Further experiments were conducted with different concentrations of chitooctaose and different incubation periods before analysis by GUS staining. In roots of nfr1-1 (pNIN::GUS) expressing both chimeras, local GUS staining was visible at a threshold level of 10^–9 m chitooctaose when plants were analyzed 7 h after the treatment (Figure 5c). The incubation time with chitooctaose also influenced NIN promoter activity. Maximal GUS staining was reached at 6 h post-treatment, whereas an incubation of 2 h or less resulted in no visible detection of GUS activity (Figure 5d).

For comparison, we also performed spot-treatment experiments with Gifu (pNIN::GUS) ‘wild-type’ plants, which were transformed with OsCERK1–LjNFR1 and OsCEBiP–LjNFR5. Non-transformed Gifu (pNIN::GUS) plants were included in the analysis. The GUS activity in hairy roots expressing both chimeras was locally activated by NFs as well as by application of chitin or chitooctaose (Figure 5e). In contrast, normal ‘wild-type’ (pNIN::GUS) roots were only responsive to NFs and did not show any GUS activity when treated with chitin or chitooligosaccharides (Figure S4c). These results substantiate our finding that OsCERK1–LjNFR1 and OsCEBiP–LjNFR5 can mediate activation of nodulation signaling in response to chitin or chitooctaose.
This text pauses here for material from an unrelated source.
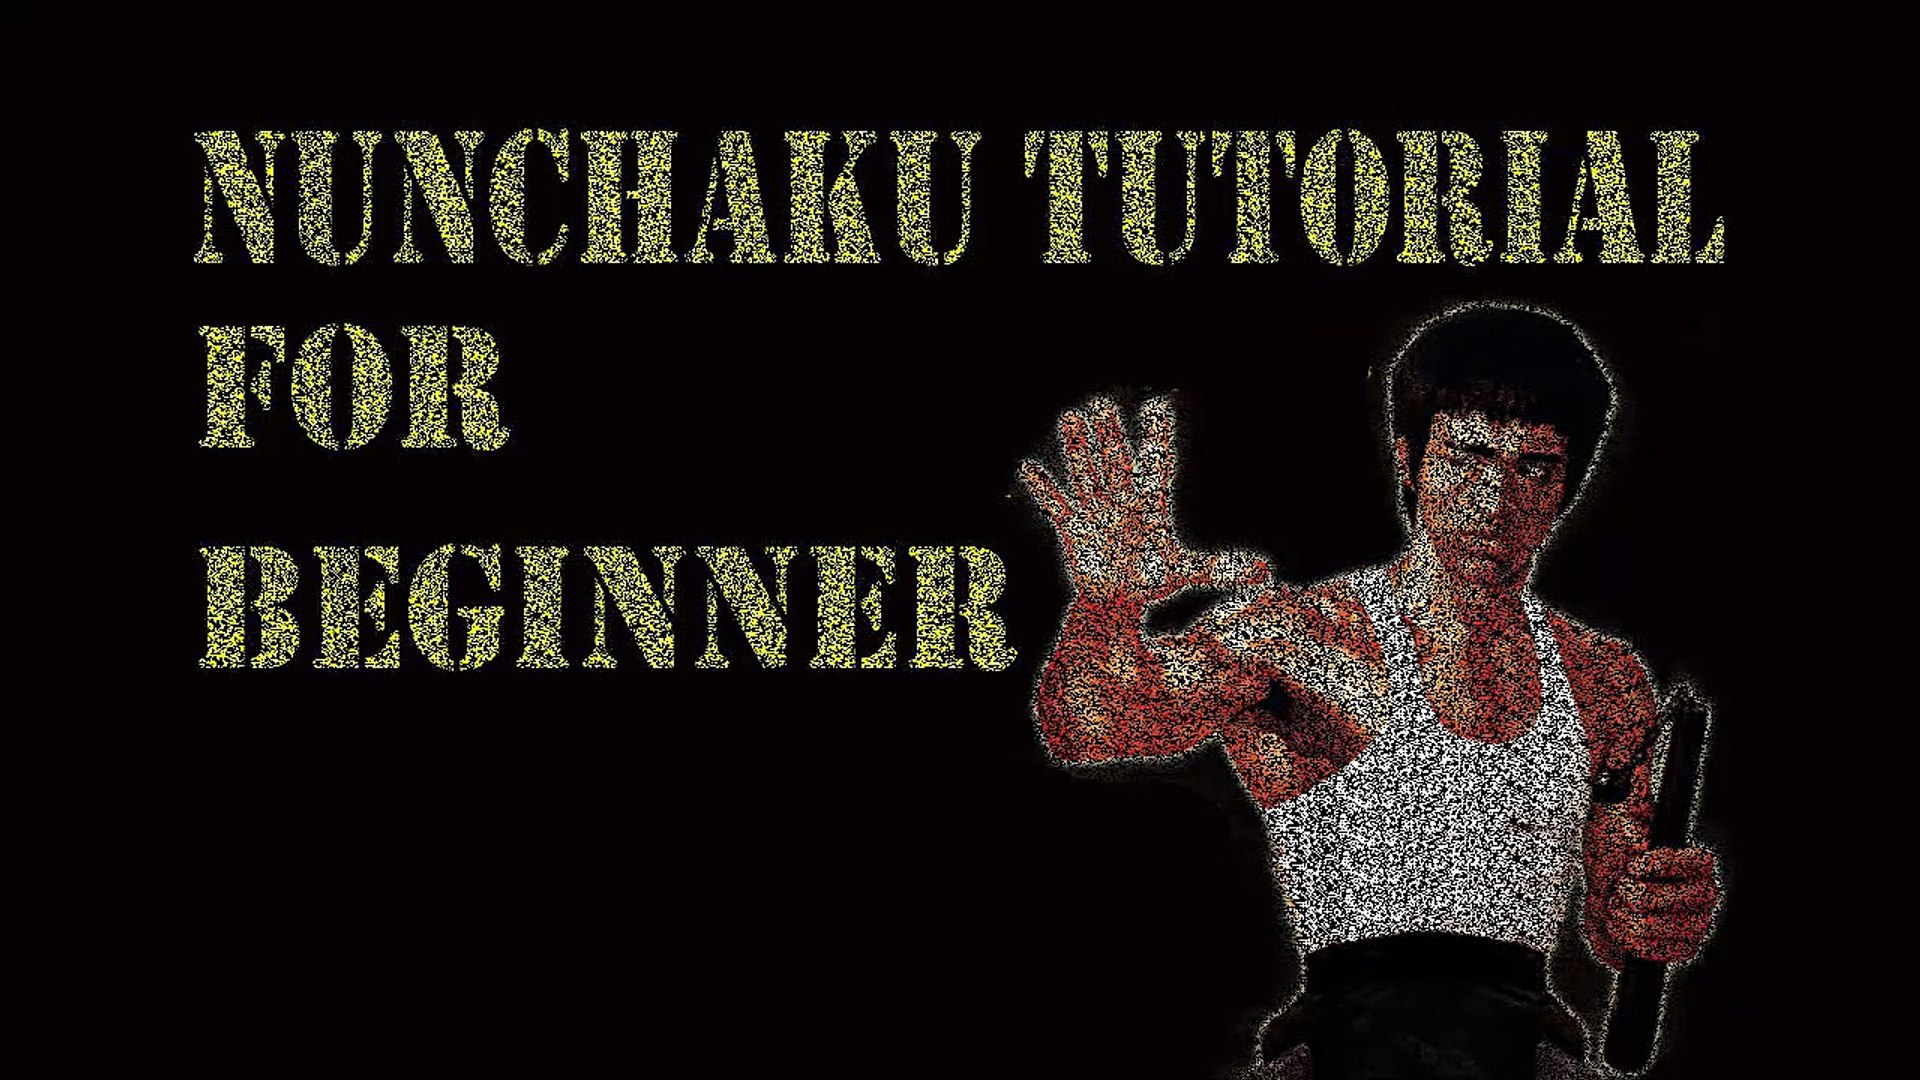 Nunchaku Wrist Front Roll Tutorial (Basic front Wrist Roll) part # 3 in [Hindi - हिन्दी]

We further examined whether a mixture of M. loti (strain MAFF303099) and chitin triggers nodulation responses in our test plants. A bacterial suspension supplemented with chitin (100 μg ml⁻¹) was added to nfr1-1 (pNIN::GUS) expressing one or both chimeras. Root-hair responses in GUS-stained hairy roots were microscopically examined 24 h after treatment (Figure S5a–d). In roots of nfr1-1 (pNIN::GUS) co-expressing OsCERK1–LjNFR1 and OsCEBiP–LjNFR5, we observed balloon-like swelling of the root-hair tips, which showed strong GUS staining (Figure S5e). Such root-hair responses were not seen for nfr1-1 (pNIN::GUS) plants expressing a single chimera (Figure S5c,d). Mutant plants expressing both chimeras showed a similar swelling of root-hair tips and GUS staining when analyzed 7 h after chitin application (Figure S5 g,h). Histochemical analysis revealed GUS-stained cells in the rhizodermis and the root cortex, whereas cells in the pericycle and the central cylinder showed no staining (Figure S5f).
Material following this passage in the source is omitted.